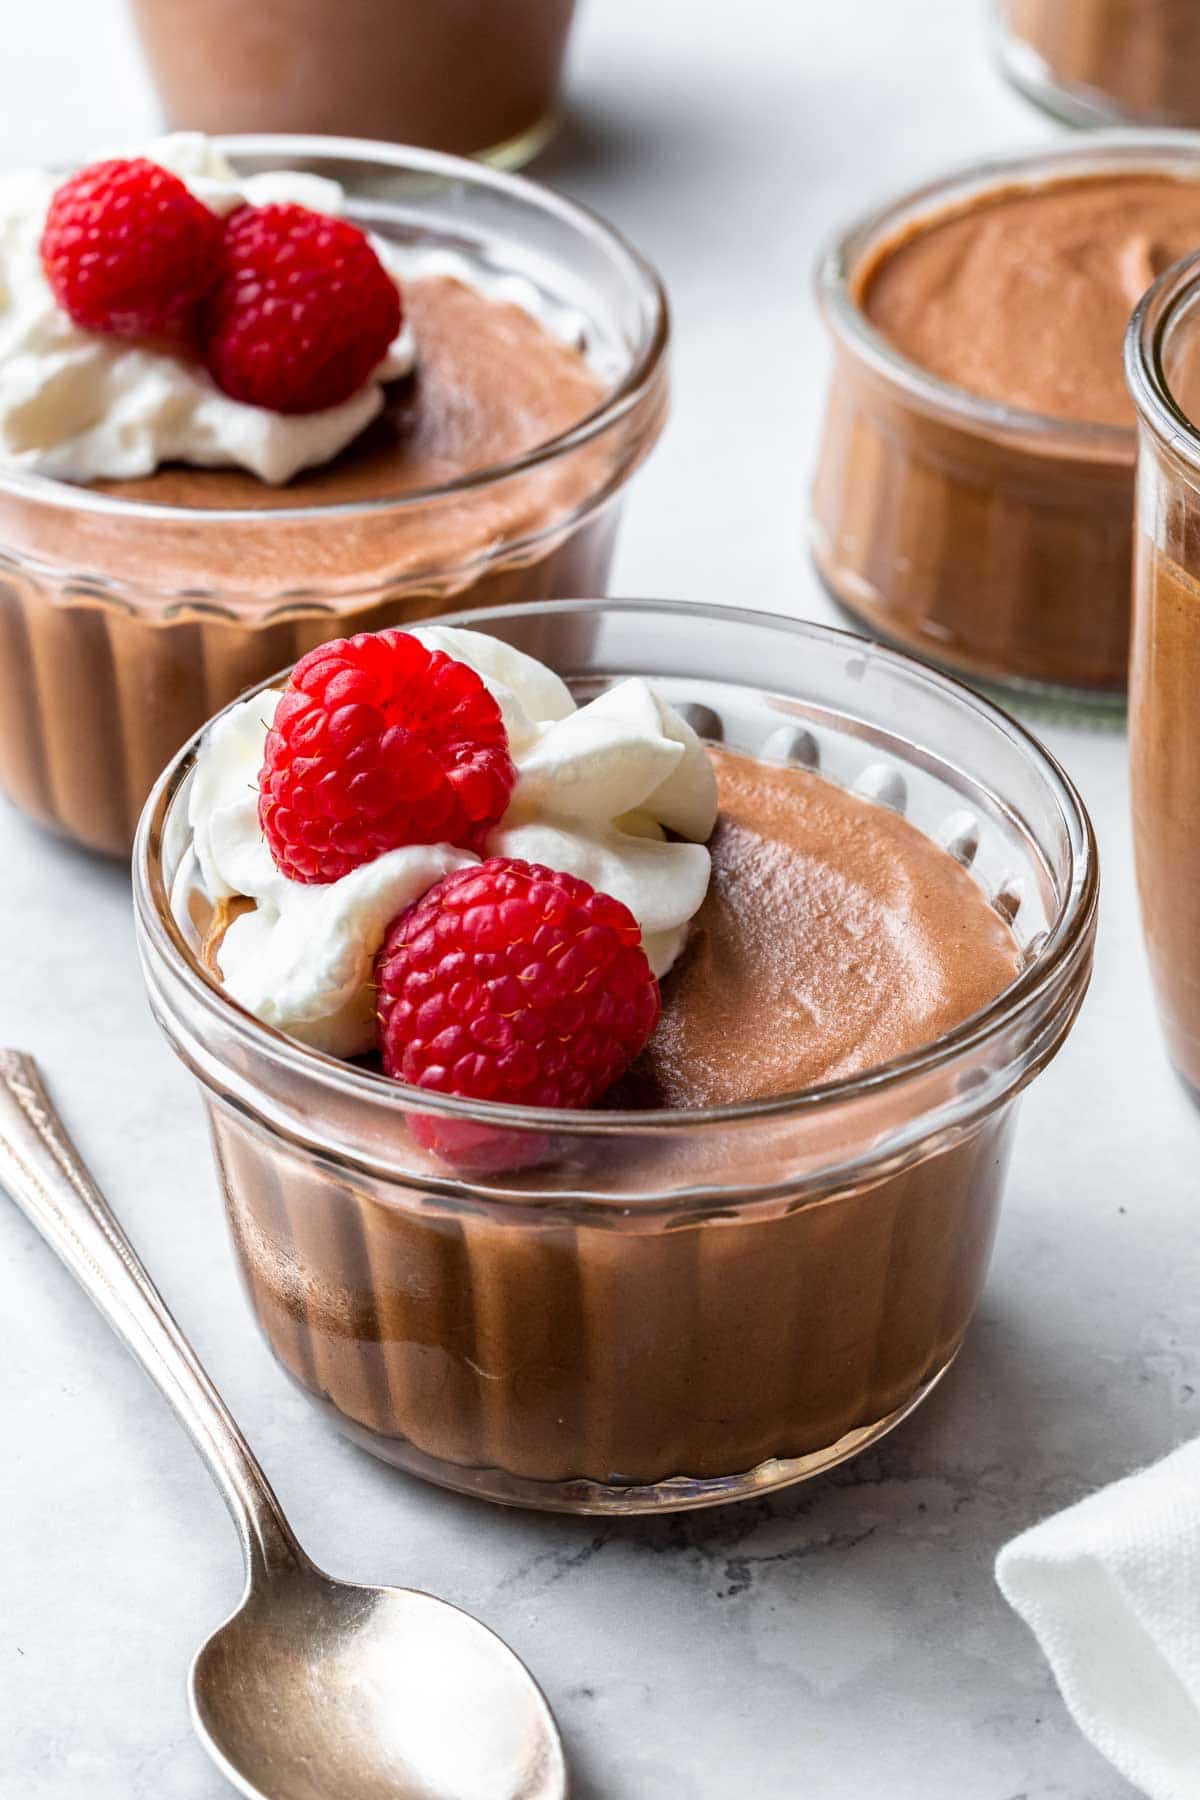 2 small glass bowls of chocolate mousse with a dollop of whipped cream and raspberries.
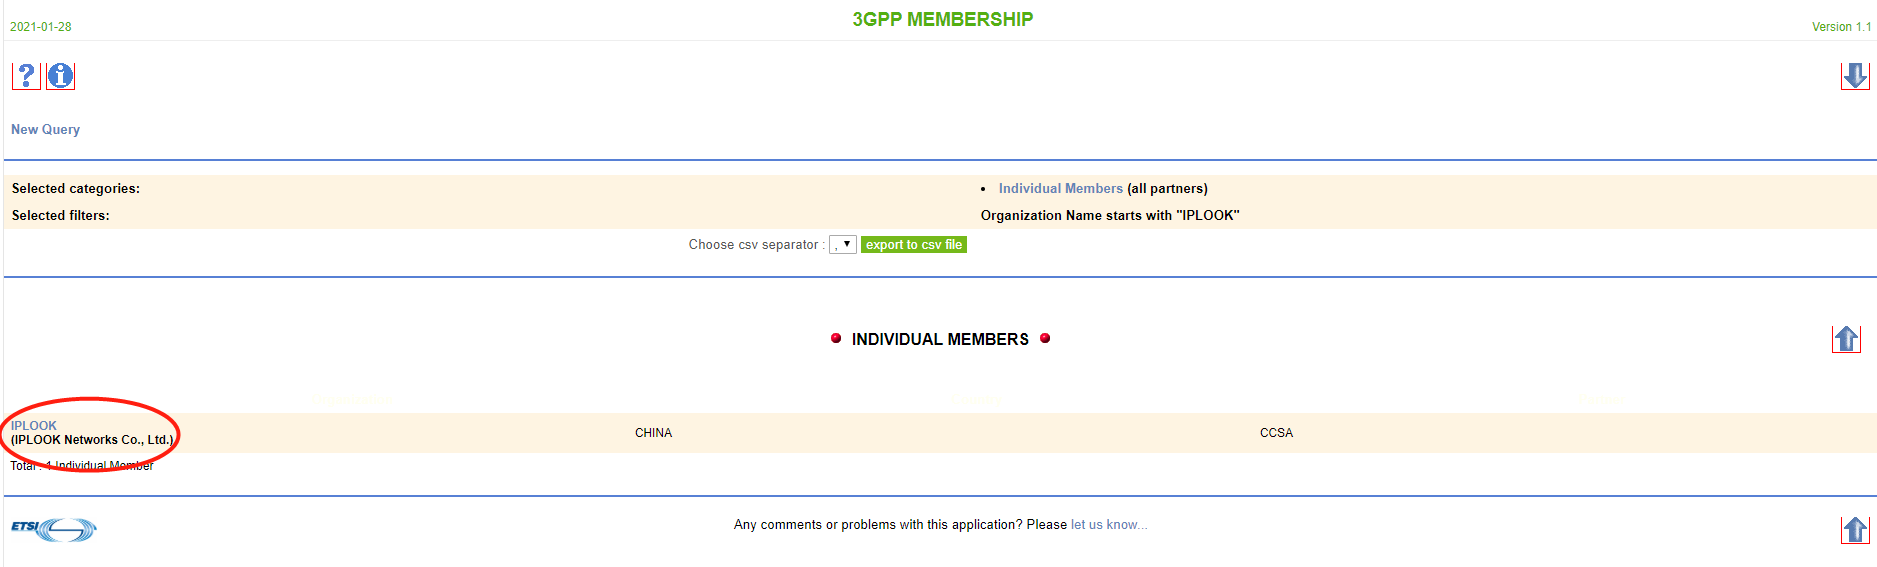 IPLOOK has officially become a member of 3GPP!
◆ ◆ ◆ ◆ ◆
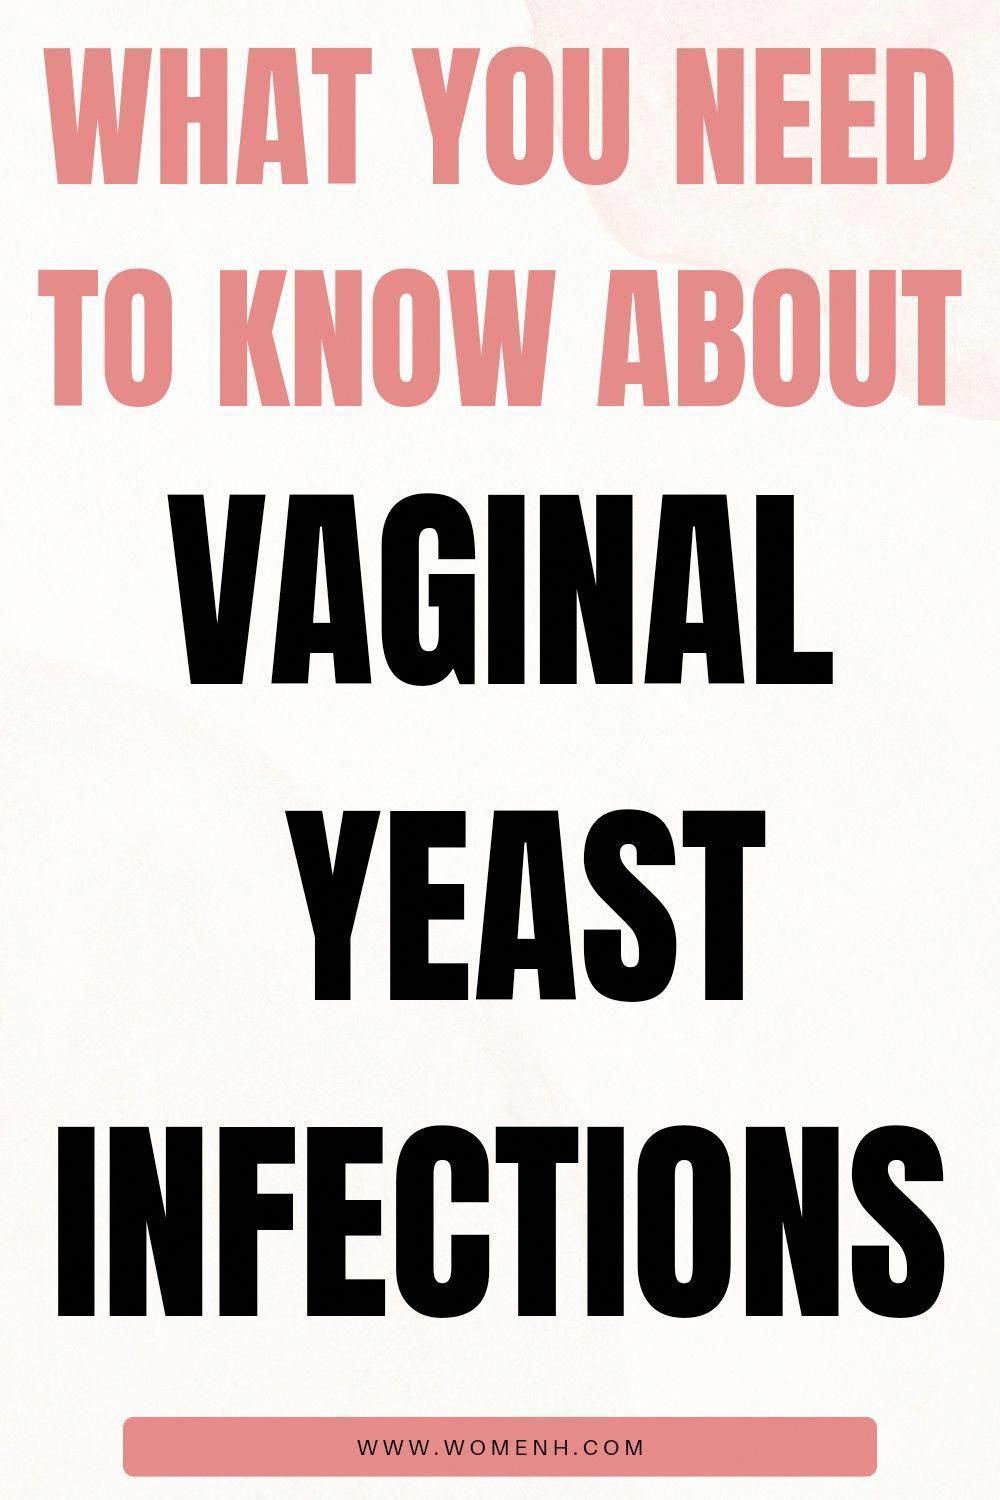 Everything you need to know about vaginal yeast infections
◆ ◆ ◆ ◆ ◆
→ **TASK GOAL**: The answer is the lines above from the one with "2 small glass" to the one with "IPLOOK has officially", set down exactly, with no pictures.

→ **RESPONSE TO THE EXERCISE**:
 2 small glass bowls of chocolate mousse with a dollop of whipped cream and raspberries.
 IPLOOK has officially become a member of 3GPP!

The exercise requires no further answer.